The Visit - Movie Review

The Visit is M. Night Shyamalan's take on the found footage horror genre in conjunction with Jason Blum and his Blumhouse Productions label which has been responsible for franchises like Paranormal Activity and Insidious. The movie stars Olivia DeJonge, Ed Oxenbould, Deanna Dunagan, Peter McRobbie, and Kathryn Hahn.

The Story:
Becca and Tyler (DeJonge and Oxenbould) are sent off to spend a week with their grandparents while their mom (Hahn), who hasn't seen or talked to her parents in 30 years, gets to spend some quality time with her new boyfriend. Becca, an aspiring film maker, has chosen this trip to film a documentary about their experience in hopes of finding a way to bring their mom and grandparents back together. When they arrive at the old farmhouse where their Nana and Pop Pop live, everything seems pretty normal although, after the first couple nights, things start to get a little creepy to the point where they begin to fear for their safety.

The Review:
It was very interesting to see this film take shape as it treads very similar ground as other found footage films yet still manages to not seem tired or overdone. Part of this is due to the fact that Becca has some skill behind the camera so the whole shaky cam thing is often left alone in favor of actual tracking shots and more carefully crafted scenes which proved to be a very smart move by the director. This allowed Shyamalan to keep a cinematic quality to the narrative allowing the viewer to really settle into the story, which becomes more and more important as the twists and turns are slowly revealed, rather than being distracted by gimmicky camera tricks.

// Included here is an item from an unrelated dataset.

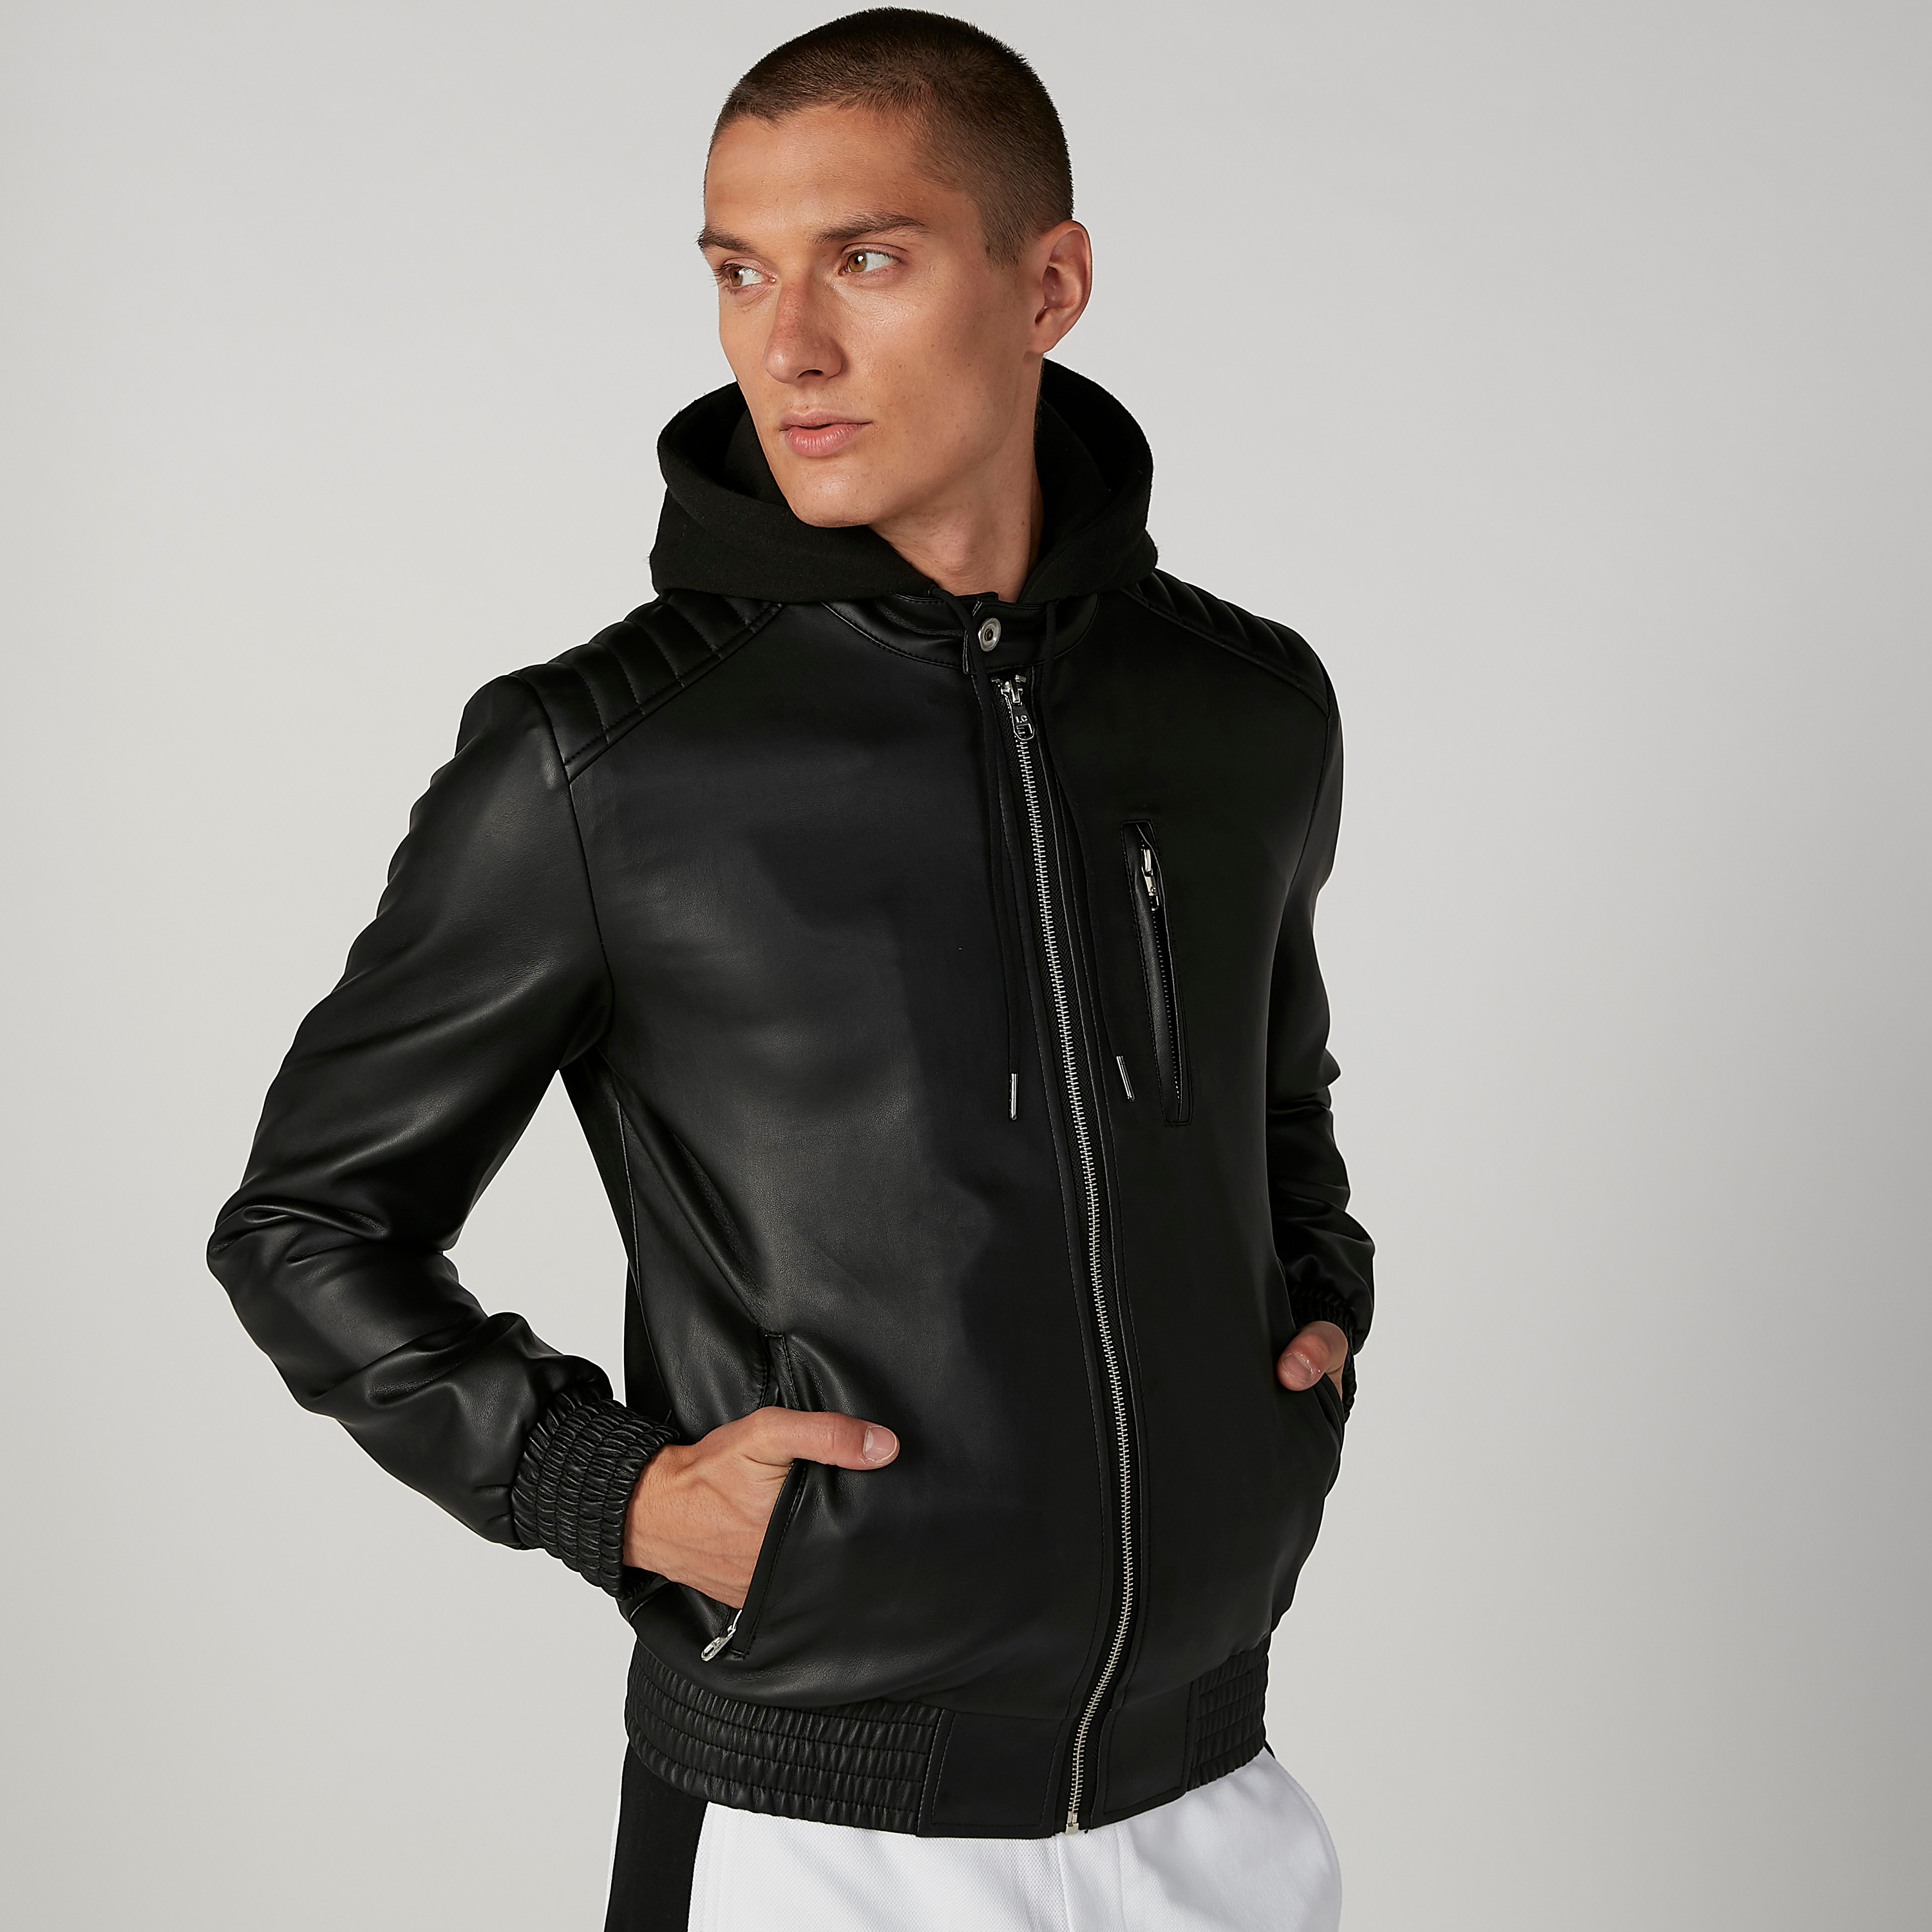 Buy Lee Cooper Men's Jacket (LCOMWJK18204BLACK_Black_XXL) at Amazon.in
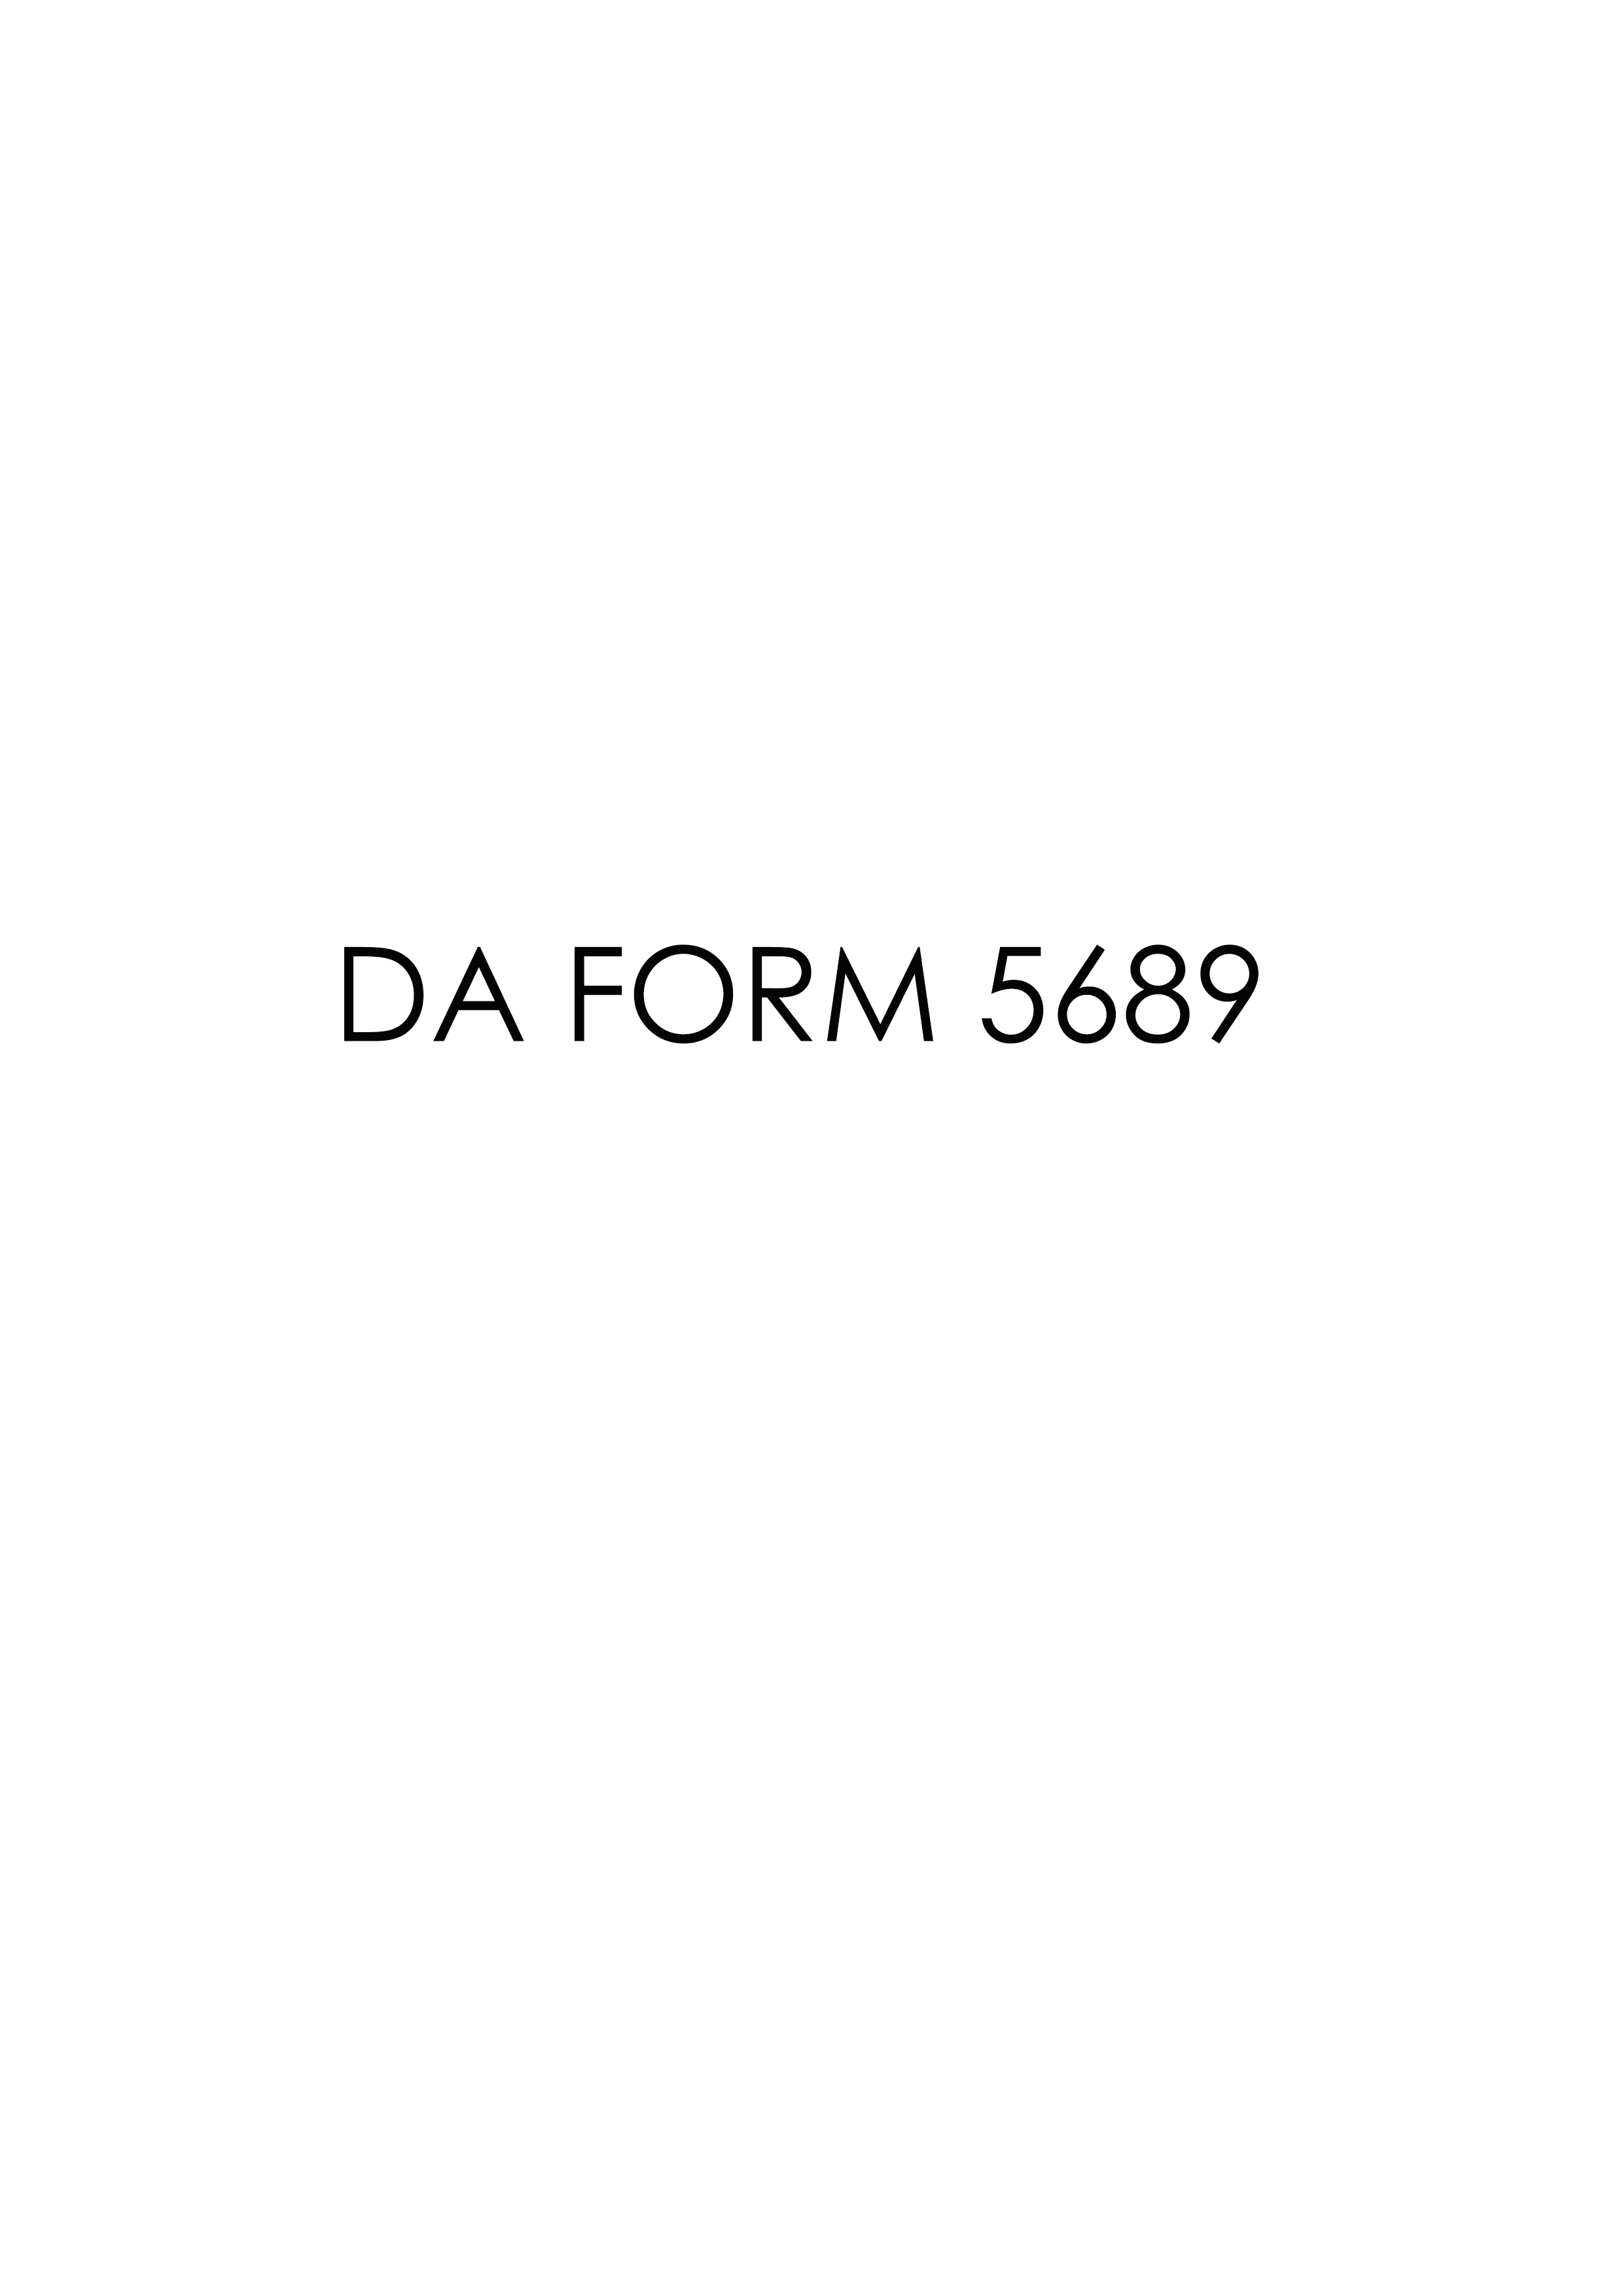 da Form 5689 fillable

I liked the fact that Shyamalan's story immediately zeroes in on the five main characters and follows each of them closely rather than trying to flesh them out by showing them interact with other random people. This was also effective in giving an underlying sense of isolation for the kids and an uncertainty about who these kooky old people are and how um...eccentric, they might actually be. In my opinion, child actors can often be a little too annoying for their own good although both Olivia DeJonge and Ed Oxenbould are quite good in the roles they are given. Becca is a very smart and brave young woman while her younger brother Tyler is more of a comedian and self proclaimed ladies man which, coming from a 13 year old, is a great source of comedy throughout the film. There is a very familiar and natural quality to each their performances which is something Shyamalan has shown an ability to get out of younger actors, a prime example being Haley Joel Osment in The Sixth Sense.

While Shyamalan has had a rough stretch of misses over the last several years, he proves here that he is still a very capable film maker and I wonder how much of an influence Jason Blum had on helping him to get back into form and with this genre in particular. Whatever the reason for the director's resurgence, I am glad to see it happen as The Sixth Sense and Unbreakable are two outstanding films and I would love to see him be able to get back to that level. Now, I'm not saying The Visit is anywhere near those films in overall quality but it is definitely a step in the right direction.

The Verdict:
The Visit is a solid effort by a man who is just as well known for making really bad movies as he is for having created some of the best films of his generation. The found footage genre itself is filled with big hits and even bigger misses and I would have to say this movie once again falls somewhere in the middle. Fans of horror movies and the found footage sub genre should like this film although I'm not sure if there's enough there to bring in a wider audience. It's a good enough movie for me to tell you to go see it although I doubt if it will have any real staying power at the box office.